Last week was one of both celebration and sadness for who those who hold innocent life dear. Many tears have been shed for the 32 lives cruelly ended by evil incarnate in Virginia, yet the souls of the millions of unborn children — who have been sacrificed at the altar of inconvenience — cry out across three decades for sympathy, yet up to now have received little.
Some of that changed with the U.S. Supreme Court’s upholding of the Congressional Partial-Birth Abortion Ban Act (PBA), also known as HR 760. A victory, to be sure, toward ending some of the carnage but in many ways only a first step on what will be an arduous journey toward restoring respect for the dignity of life in this country. On the way, both sides in the conflict have been, and will continue to be, ready to adapt their strategies.
Conservatives have long held in contempt prior SCOTUS rulings on abortion and those which paved the way for Roe v. Wade; especially Griswold v. Connecticut, which abrogated states rights in discovering a national right to privacy in the “penumbras” emanating from the Ninth and Fourteenth Amendments to the Constitution. Yet in what some consider a disturbing development, when crafting HR 760, Congress resorted to invoking its right to regulate abortion under the commerce clause of the Constitution (Article I, Section 8).
Congress also changed the wording of its previously invalidated PBA ban efforts, to specify that the grisly act may be performed only if it can be proved that the life of the mother is at risk due to physical complications. This was important, as previous commissions of this heinous procedure were done if the mother’s health was at risk due to any reason, such as perceived psychological disorders or whatever the abortionists deemed necessary for the death of the child.

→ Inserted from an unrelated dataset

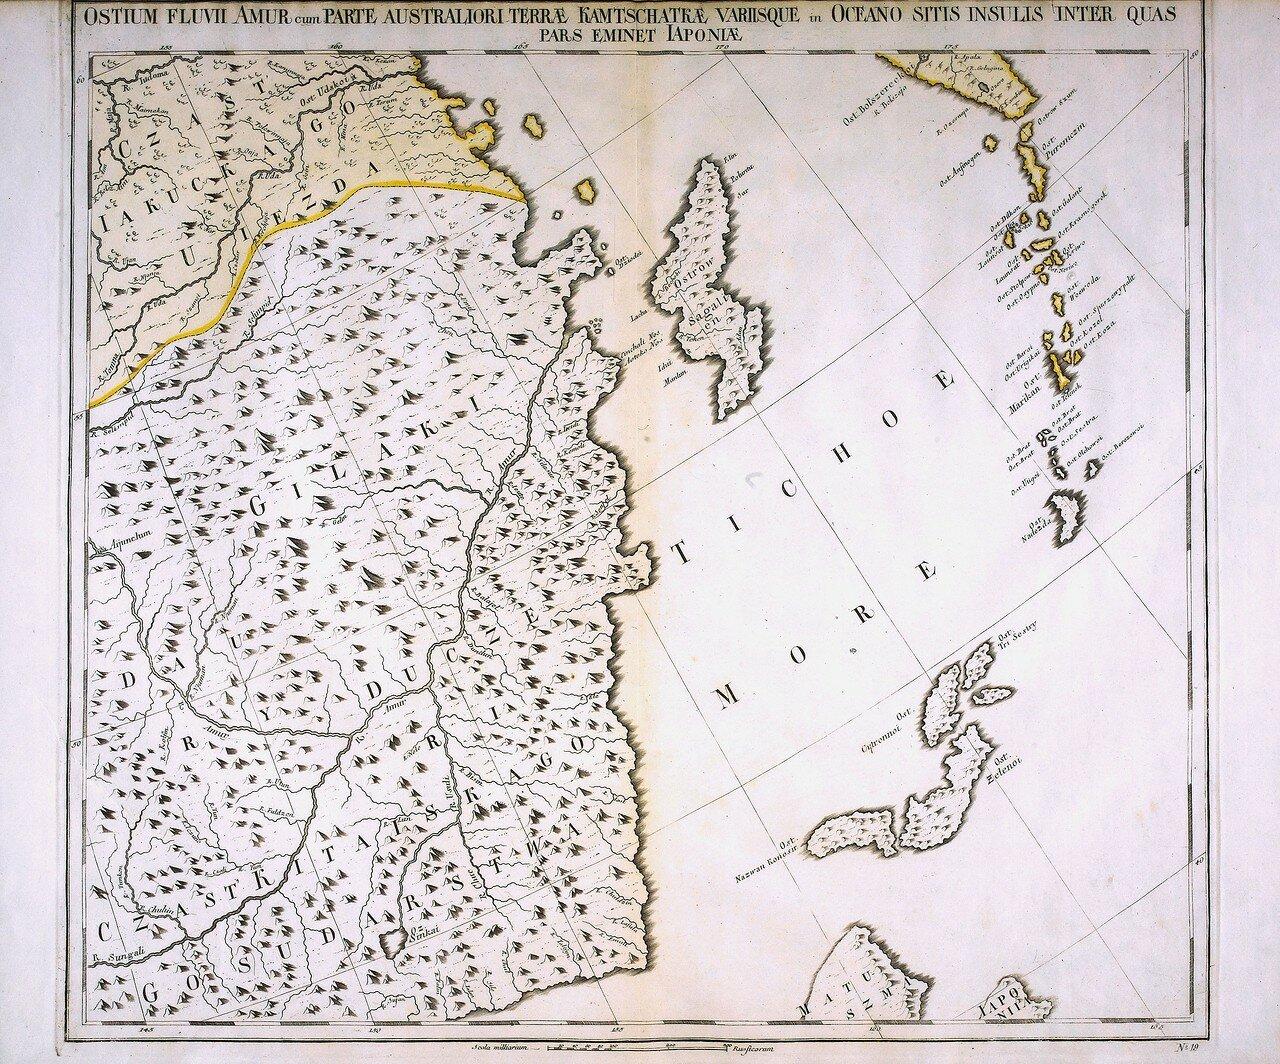 1745. Южная часть реки Амур, Камчатка и различные острова в океане, частично включающие в себя и японскую территорию
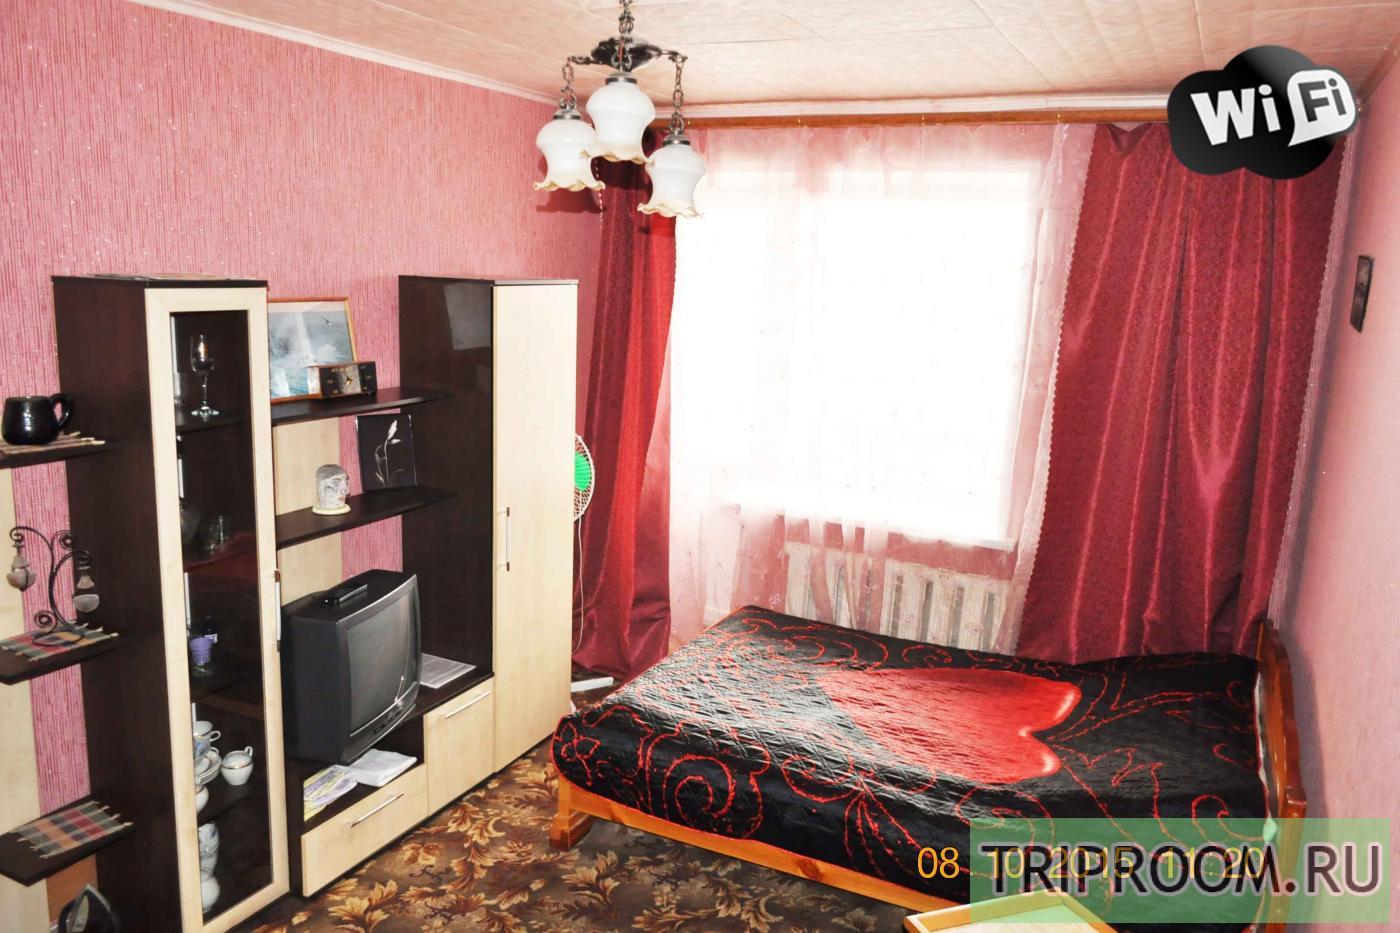 1-комнатная квартира посуточно (вариант № 11707), ул. Нижегородская улица, фото № 5

Many on the left fear that the right to privacy defense that their cause previously rested upon may no longer be viable, so to speak, and so they have used part of Justice Ruth Ginsburg’s dissenting opinion — that challenges to abortion laws “center on a woman’s autonomy to determine her life’s course, and thus to enjoy equal citizenship stature” — to proclaim that abortion transcends privacy and is now an issue of gender discrimination. Liberal law professor Cass Sunstein, realizing the absurdity of this thinking, nevertheless propounds:
True, men cannot become pregnant, and it is tempting to think that, for that reason, abortion restrictions cannot possibly create a problem of discrimination. But perhaps this argument has things backward. In our society, isn’t there an equality problem if laws target only women’s bodies and leave men’s bodies alone?
Here’s an idea, Professor Sunstein: If men and women who are unwilling to raise children would leave each others bodies alone more often — an oft-ignored “choice” in all of this — perhaps discrimination against the true victims of this horrific process would end. Of course his twisted logic also ignores the fact that today’s men have absolutely no rights in the area of childbearing, only responsibilities.
Still, it is interesting that the abortion lobby is prepared to abandon the privacy issue. Many have noted the brief concurring opinion written by Clarence Thomas and joined by Antonin Scalia, which says that “the Court’s abortion jurisprudence, including Casey and Roe v. Wade has no basis in the Constitution.” However, he continued with, “I also note that whether the Act constitutes a permissible exercise of Congress’ power under the Commerce Clause is not before the Court. The parties did not raise or brief that issue; it is outside the question presented; and the lower courts did not address it.” Sounds like an invitation to me.
Could it be that the pro-abortionists didn’t address the commerce clause issues involved in the ban because they fear the domino effect that might occur should the Court’s originalists start overturning the many other anti-federalist decisions such as Roe? Having to argue their position in 50 diverse states rather than before a few federal courts would be a daunting task for them indeed.
Supporters of the first right — that to life itself — still have a long way to go. We are still burdened with phrases such as “viability” and a “fetus that may become a child,” as if, not murdered by its own parents, it could become anything else. We still must abide the irrationality of judges like Ginsburg who state that “the notion that the Partial-Birth Abortion Ban Act furthers any legitimate governmental interest is, quite simply, irrational.”
Let us work hard and pray that those who continue to couch the taking of innocent life in terms like “women’s health issues” might someday realize that a normal pregnancy is not a disease and that abortion is a voluntary act of infanticide, not a curative treatment. And that the only morally acceptable termination of pregnancy should result in a bouncing baby boy or girl.